Work to complete: Set down the listing exactly as given, minus images.

Raw data:
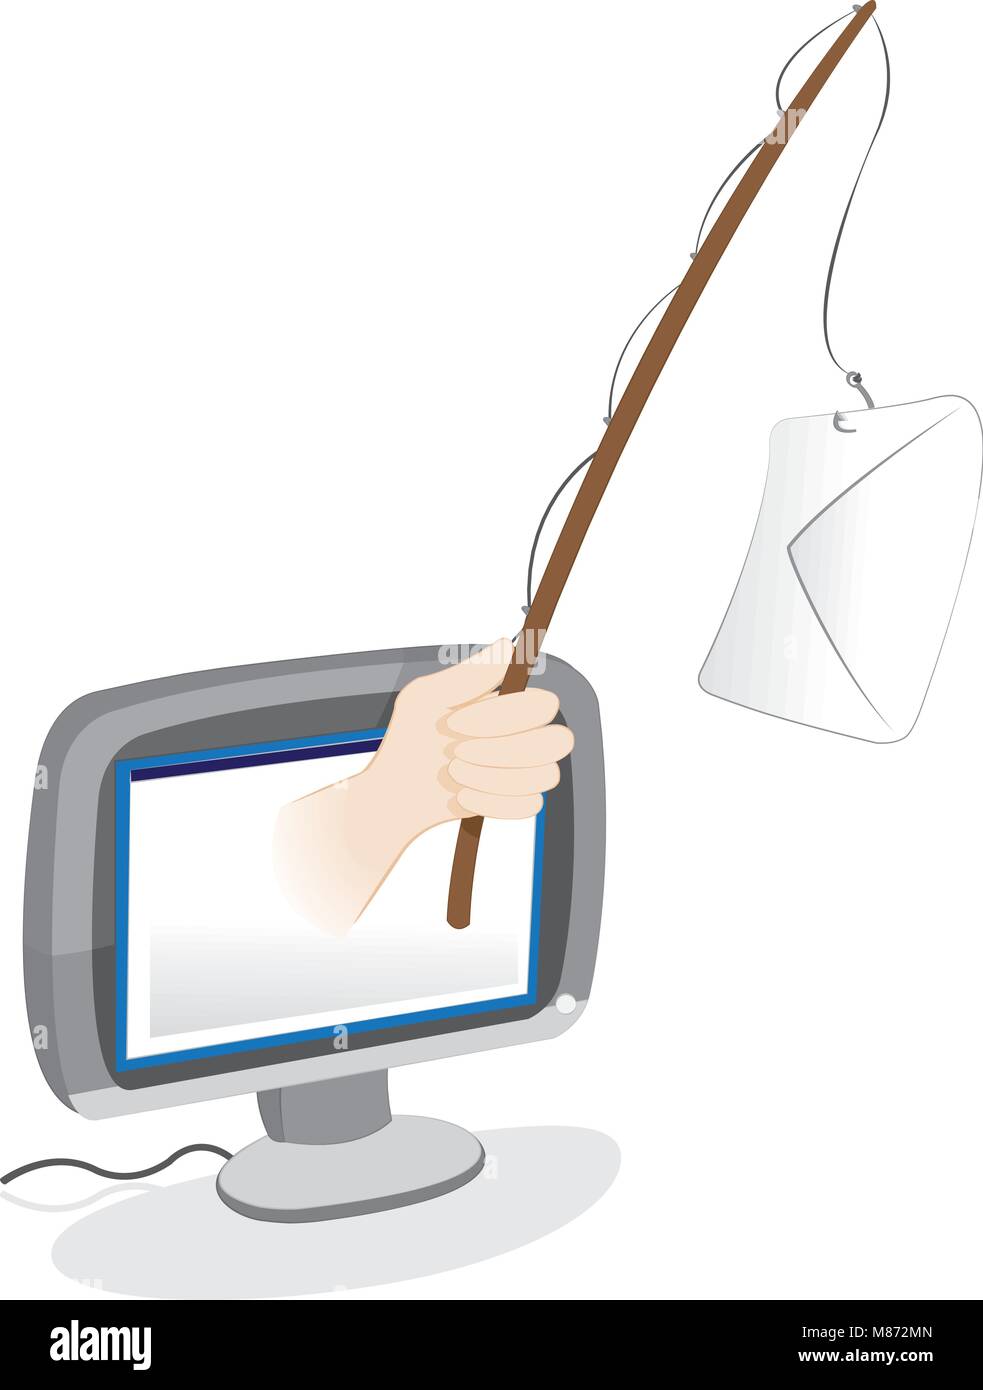 Un vecteur caricature représentant une main humaine éclater d'un moniteur pc et le maintien d'un phishing en bois dotée d'une lettre fermée pendaison comme un appât. Spa Illustration de Vecteur
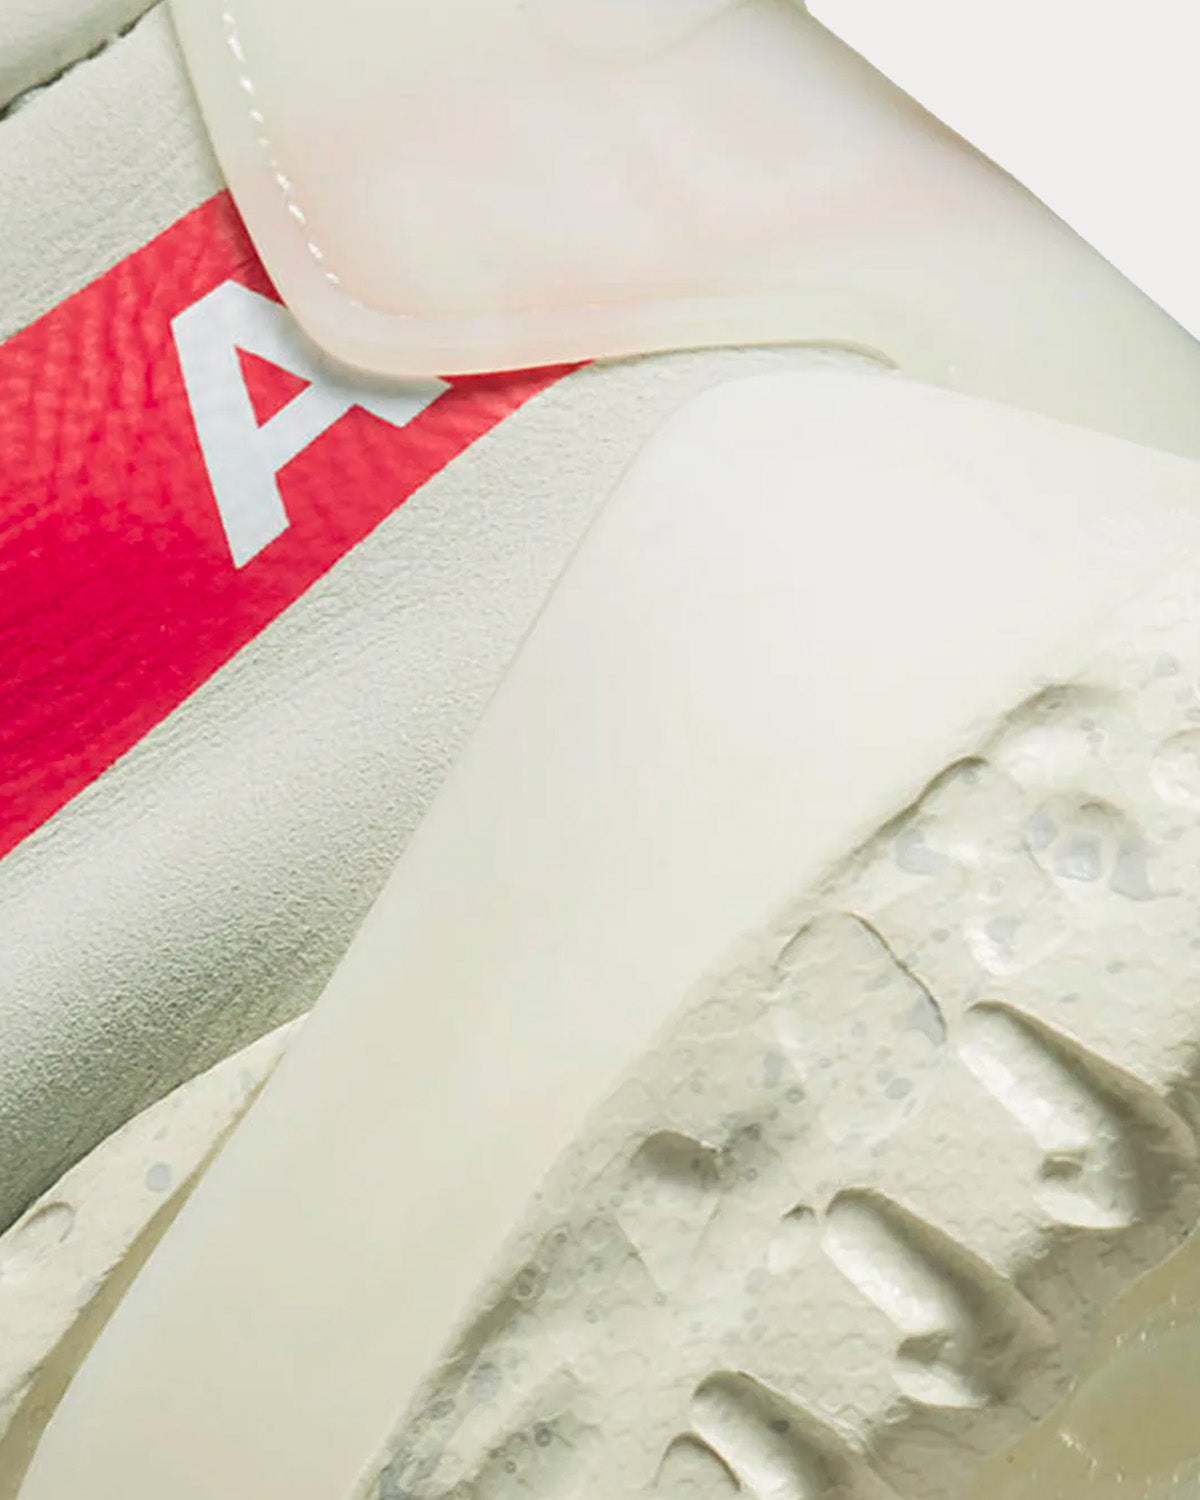 Nike x Undercover - Moc Flow Light Bone / University Red / White Slip On Sneakers
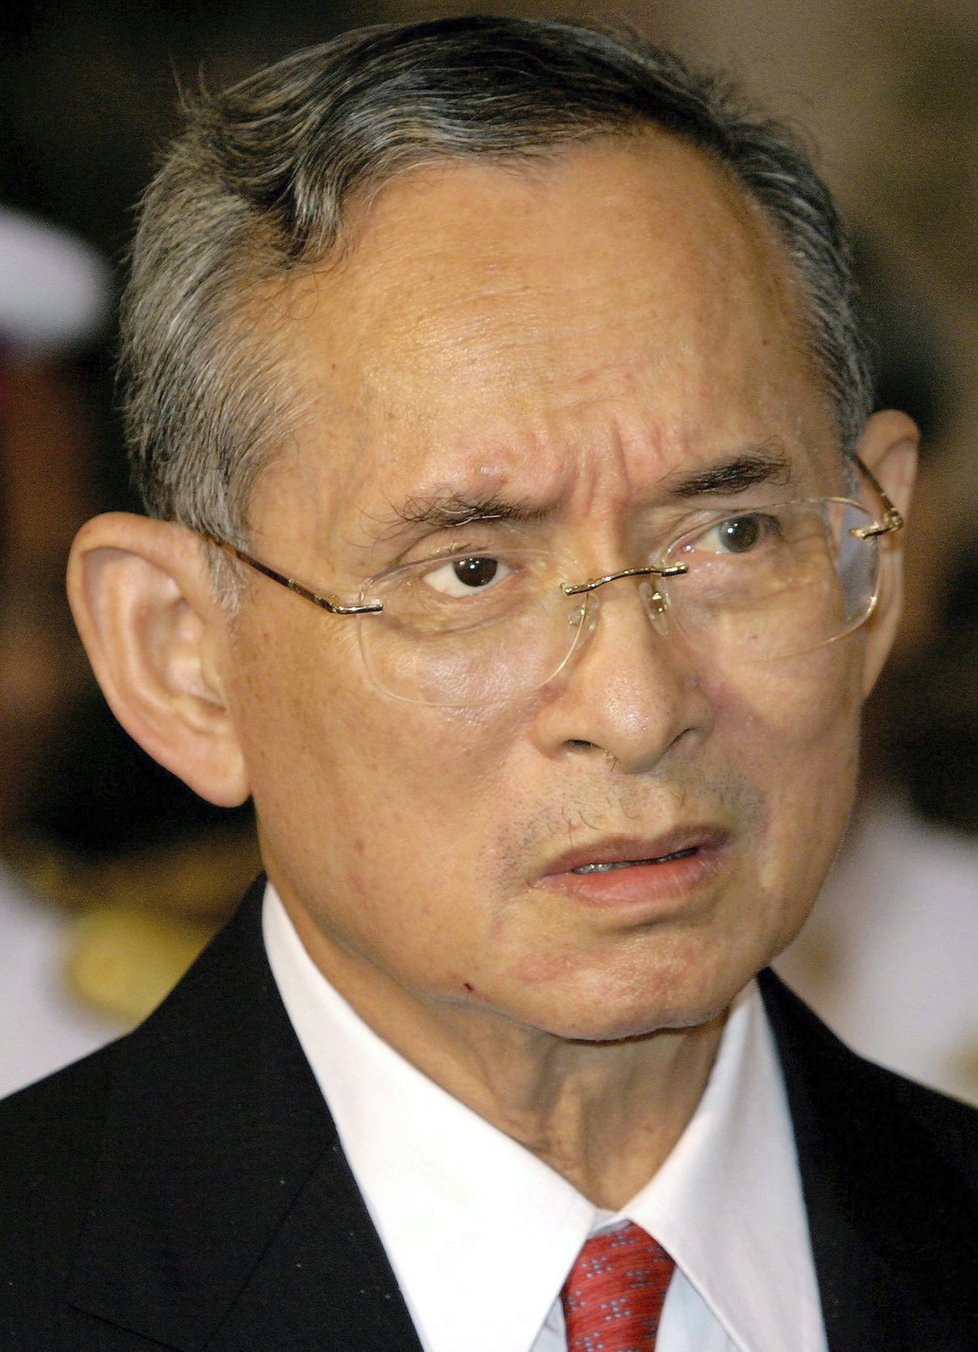 Thajský lid truchlil: Milovaný král Pchúmipchon Adundét zemřel ve věku 88 let.
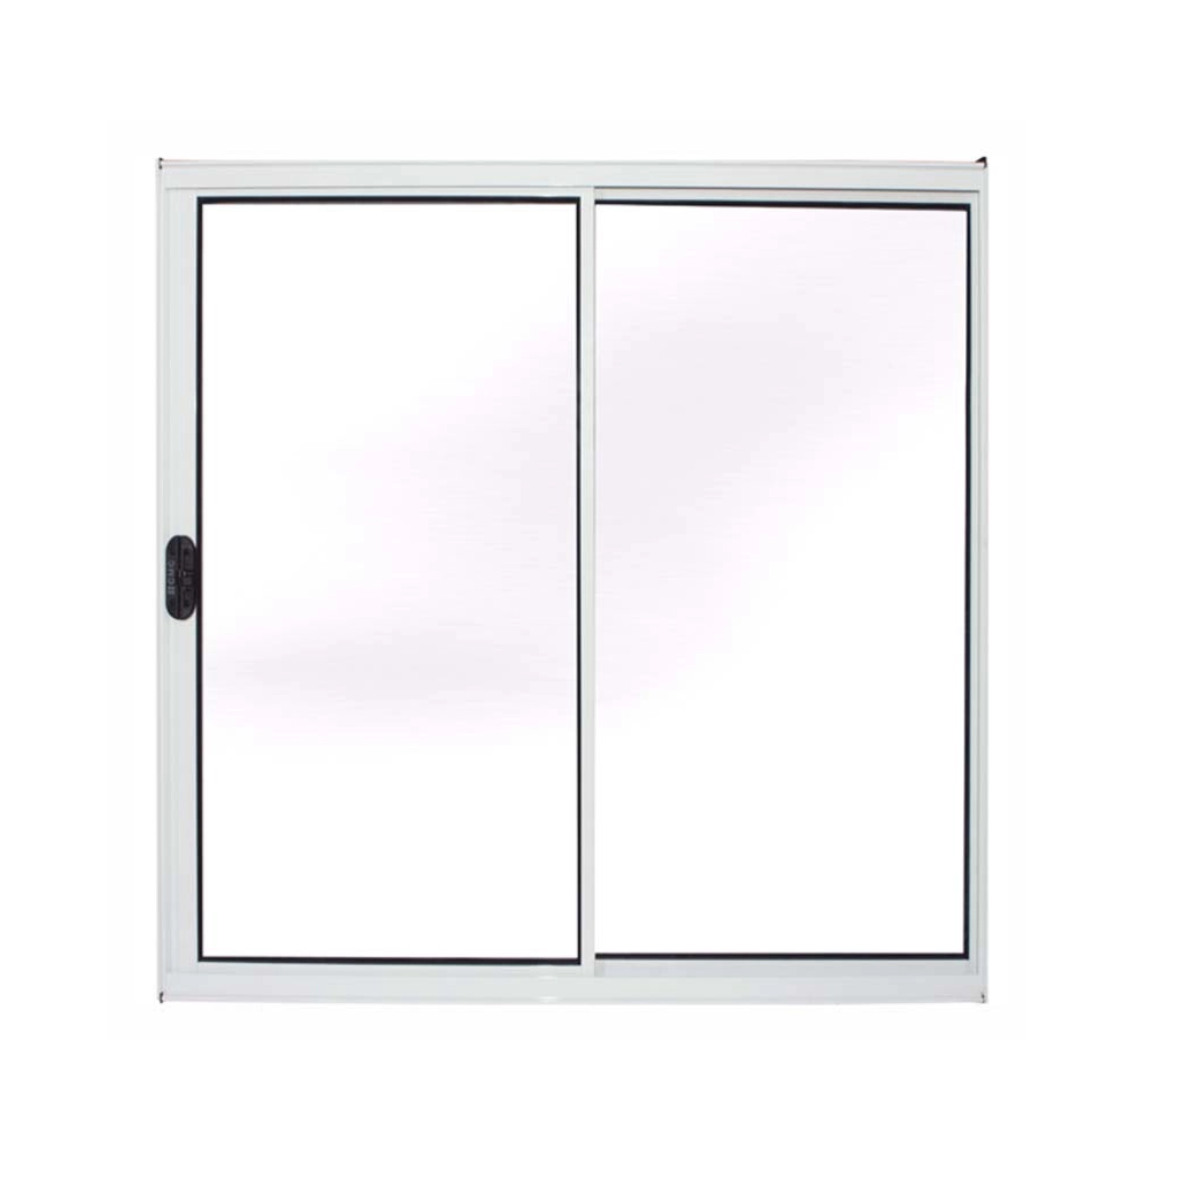 janela vitro sala alumínio branco 100x150 s/grade 2fls

Answer area:
 Un vecteur caricature représentant une main humaine éclater d'un moniteur pc et le maintien d'un phishing en bois dotée d'une lettre fermée pendaison comme un appât. Spa Illustration de Vecteur
 Nike x Undercover - Moc Flow Light Bone / University Red / White Slip On Sneakers
 Thajský lid truchlil: Milovaný král Pchúmipchon Adundét zemřel ve věku 88 let.
 janela vitro sala alumínio branco 100x150 s/grade 2fls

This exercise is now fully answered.